WHAT YOU HAVE TO DO - If an entry holds a picture, drop the picture but restate the entry word for word.

Records from a dataset:
☆ ☆ ☆ ☆ ☆

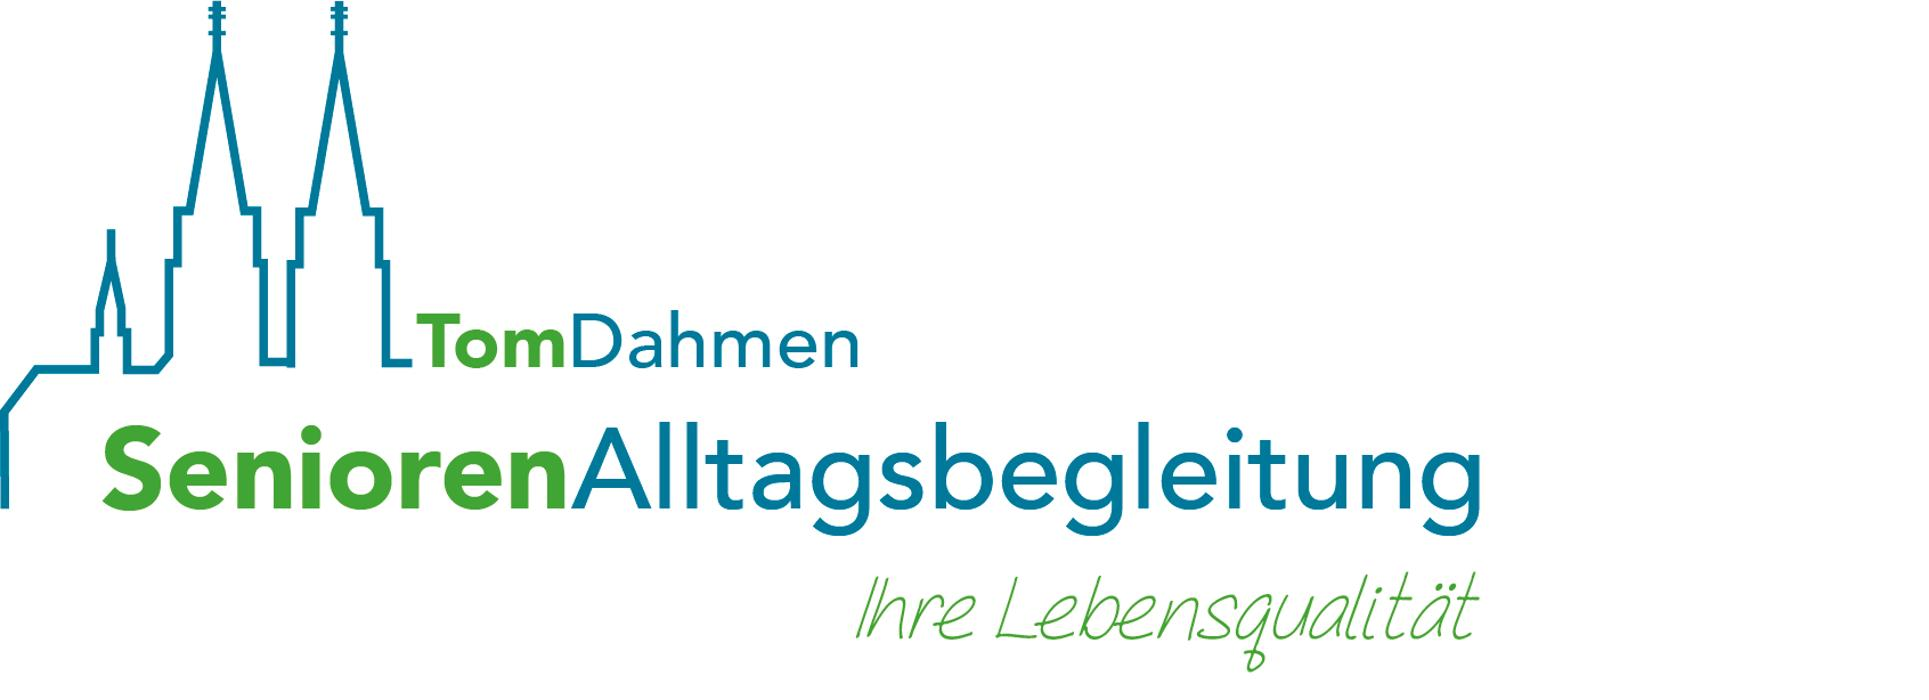 Bild zu SeniorenAlltagsbegleitung Köln Tom Dahmen in Köln
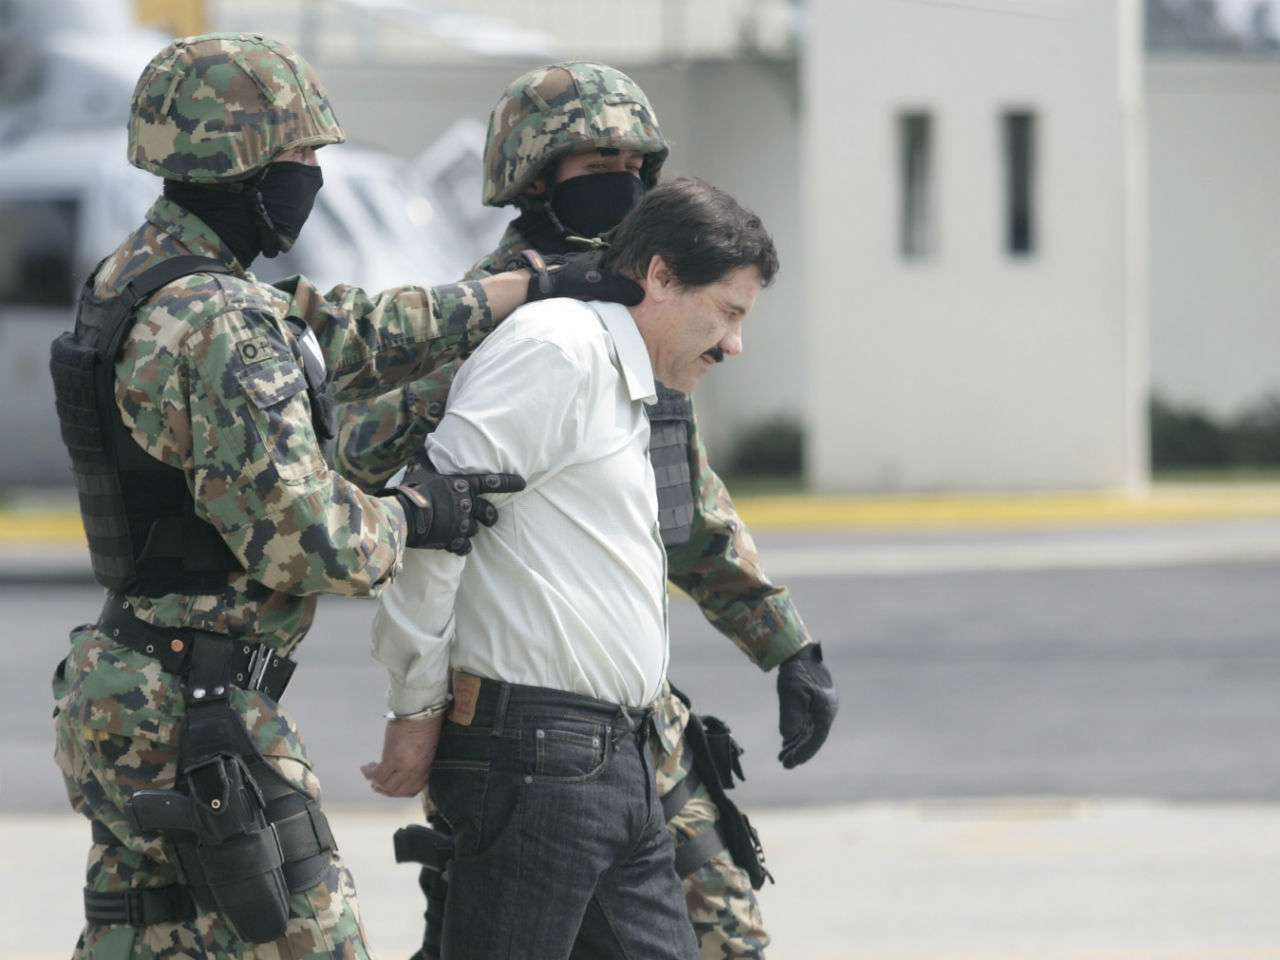 """Héctor Coronel Castillo, alias """"Rincón"""", presuntamente era el vínculo entre las FARC y el recientemente capturado Joaquín """"El Chapo Guzmán. Foto: Archivo/Terra México"""
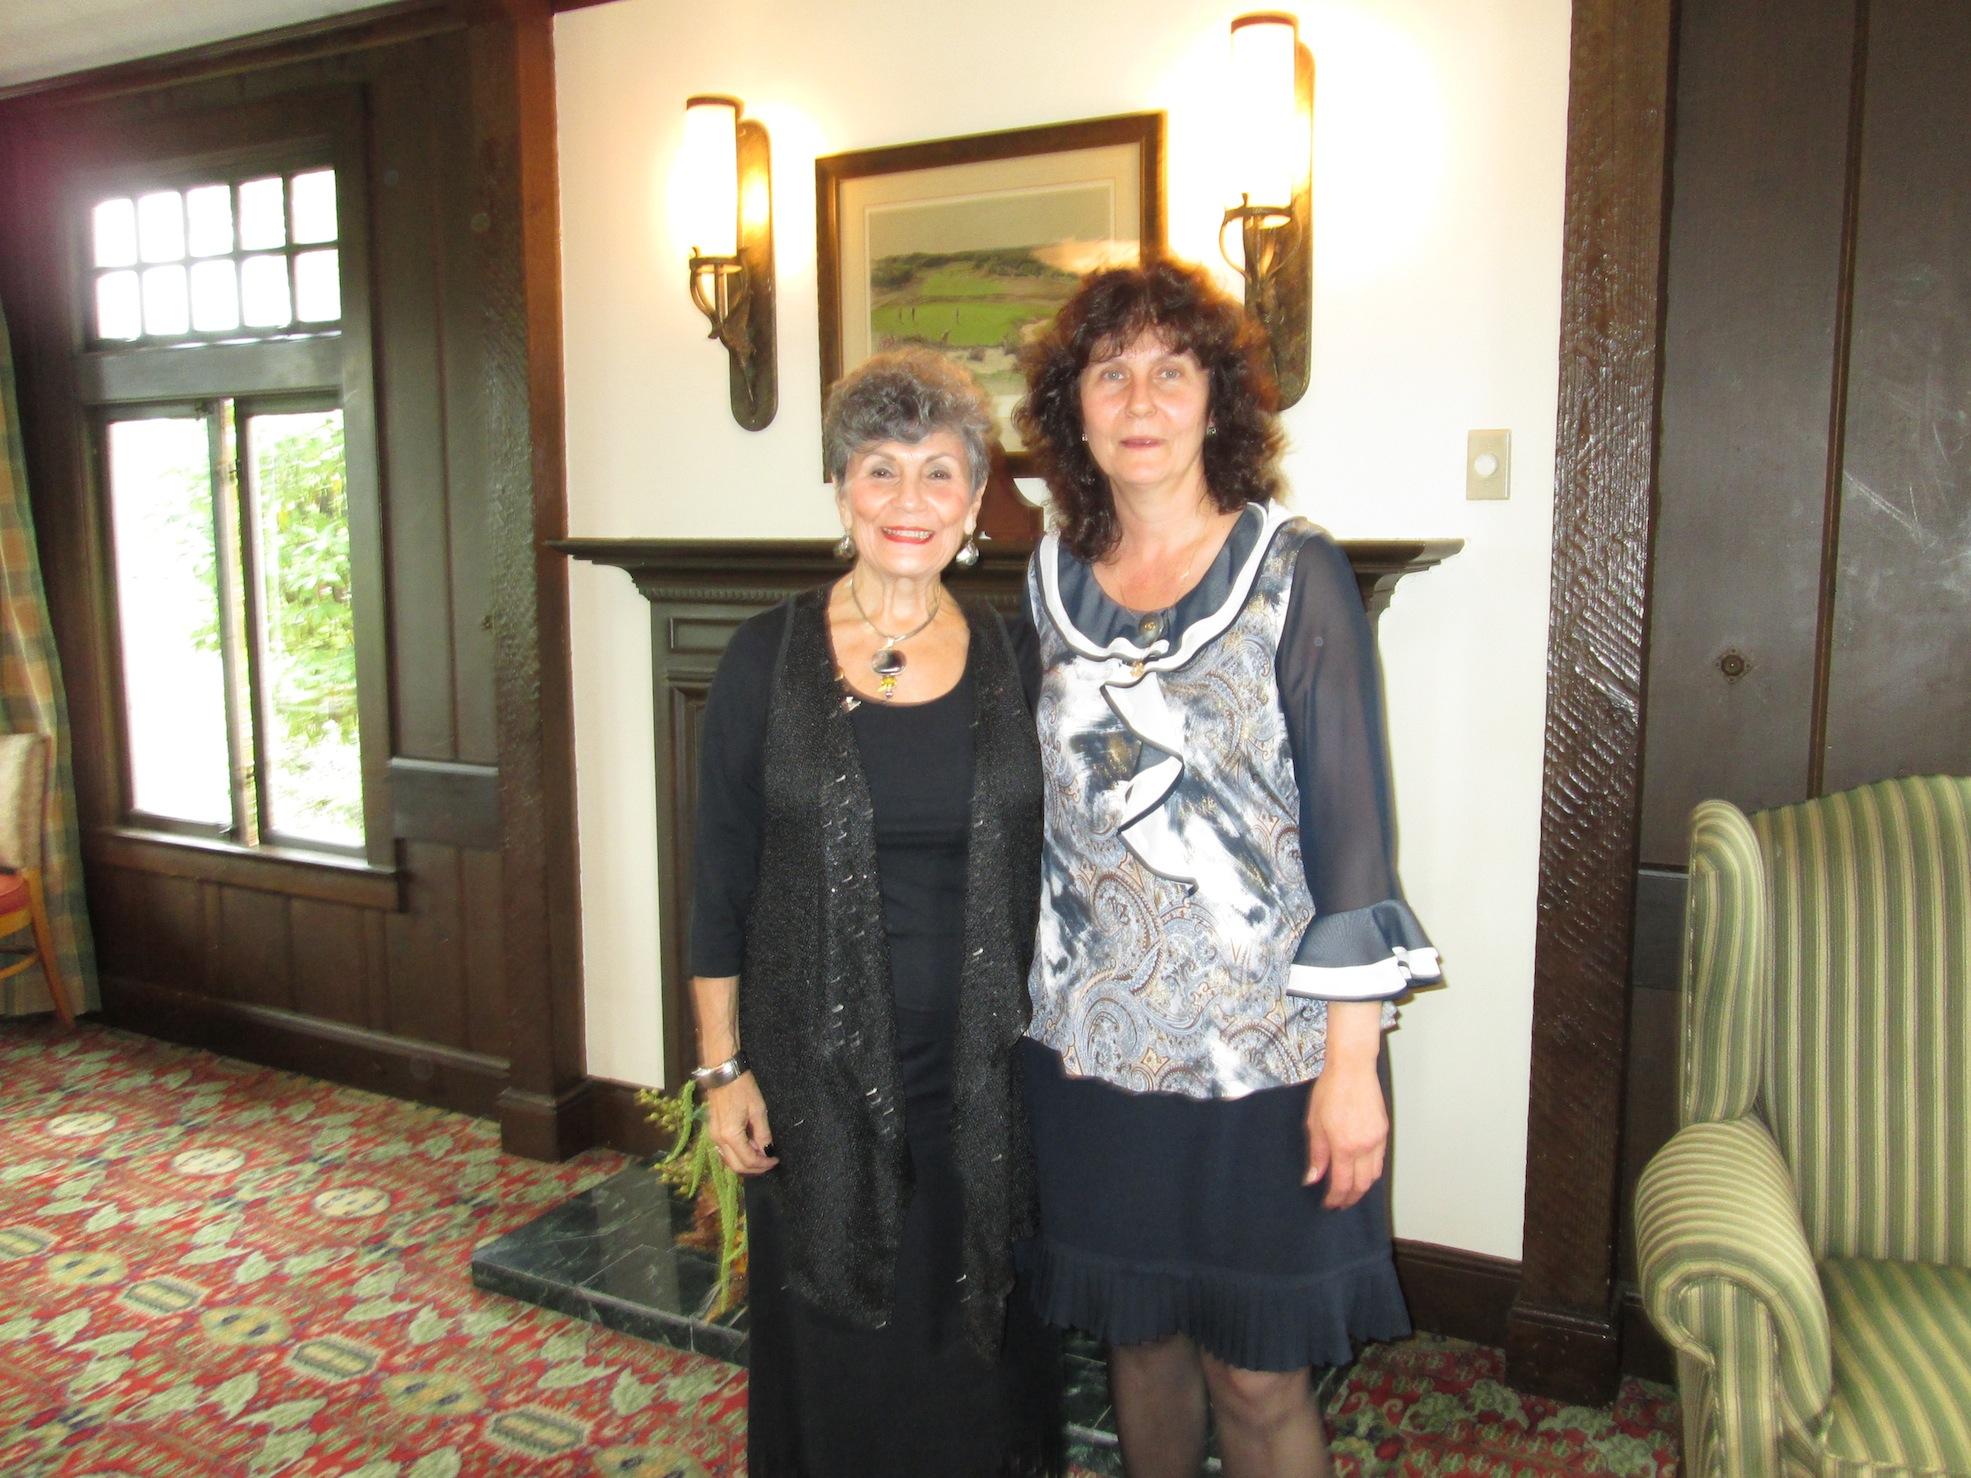 Regional Meeting with Nancy Kaufman8_Nov 8, 2012.JPG
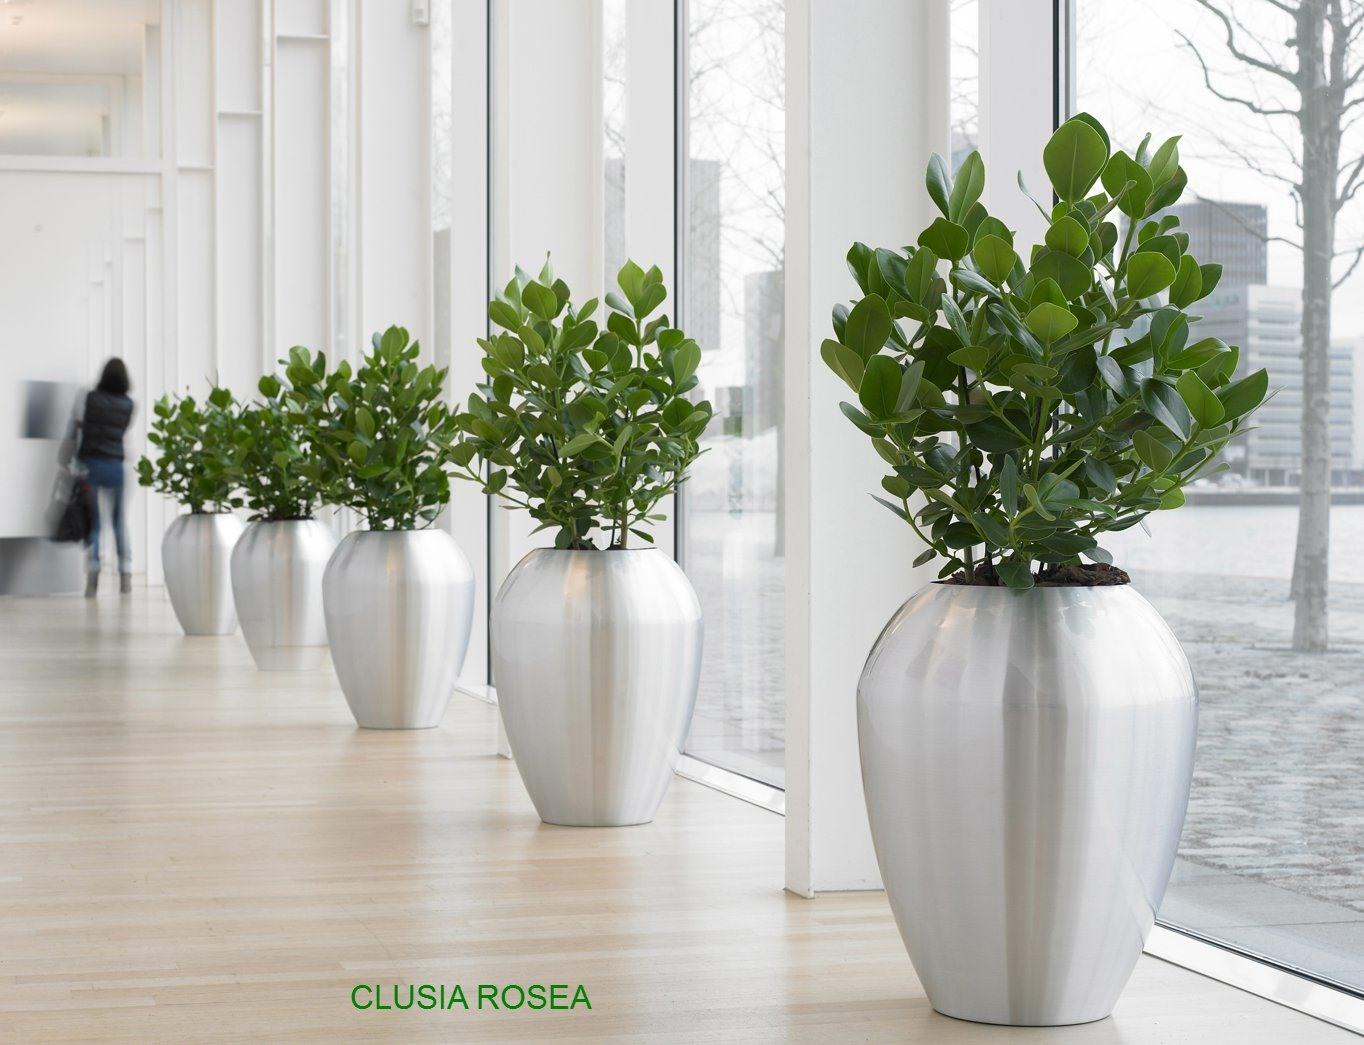 Kantoorplanten Kopen Of Huren Planten Op Kantoor Voordelen
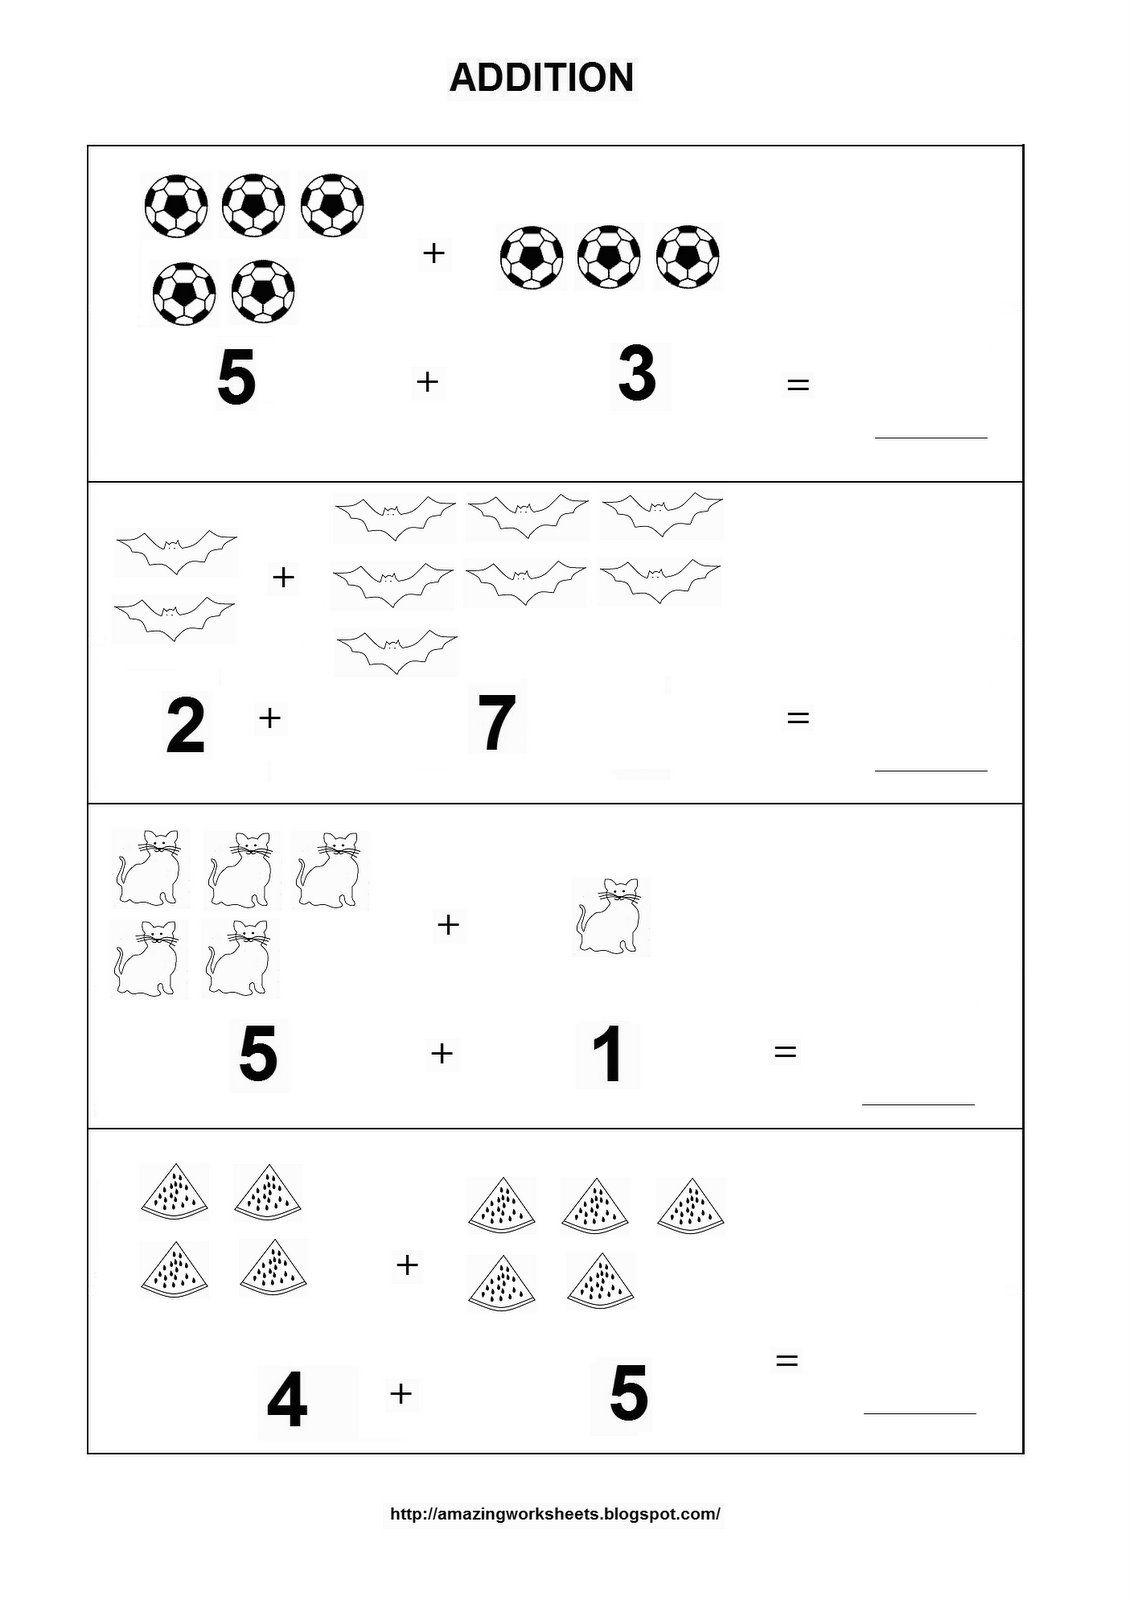 Addition Worksheet Kindergarten Math Worksheets Free Basic Math Worksheets Printable Math Worksheets

☆ ☆ ☆ ☆ ☆

ANSWER SPACE -
 Bild zu SeniorenAlltagsbegleitung Köln Tom Dahmen in Köln
 """Héctor Coronel Castillo, alias """"Rincón"""", presuntamente era el vínculo entre las FARC y el recientemente capturado Joaquín """"El Chapo Guzmán. Foto: Archivo/Terra México"""
 Regional Meeting with Nancy Kaufman8_Nov 8, 2012.JPG
 Kantoorplanten Kopen Of Huren Planten Op Kantoor Voordelen
 Addition Worksheet Kindergarten Math Worksheets Free Basic Math Worksheets Printable Math Worksheets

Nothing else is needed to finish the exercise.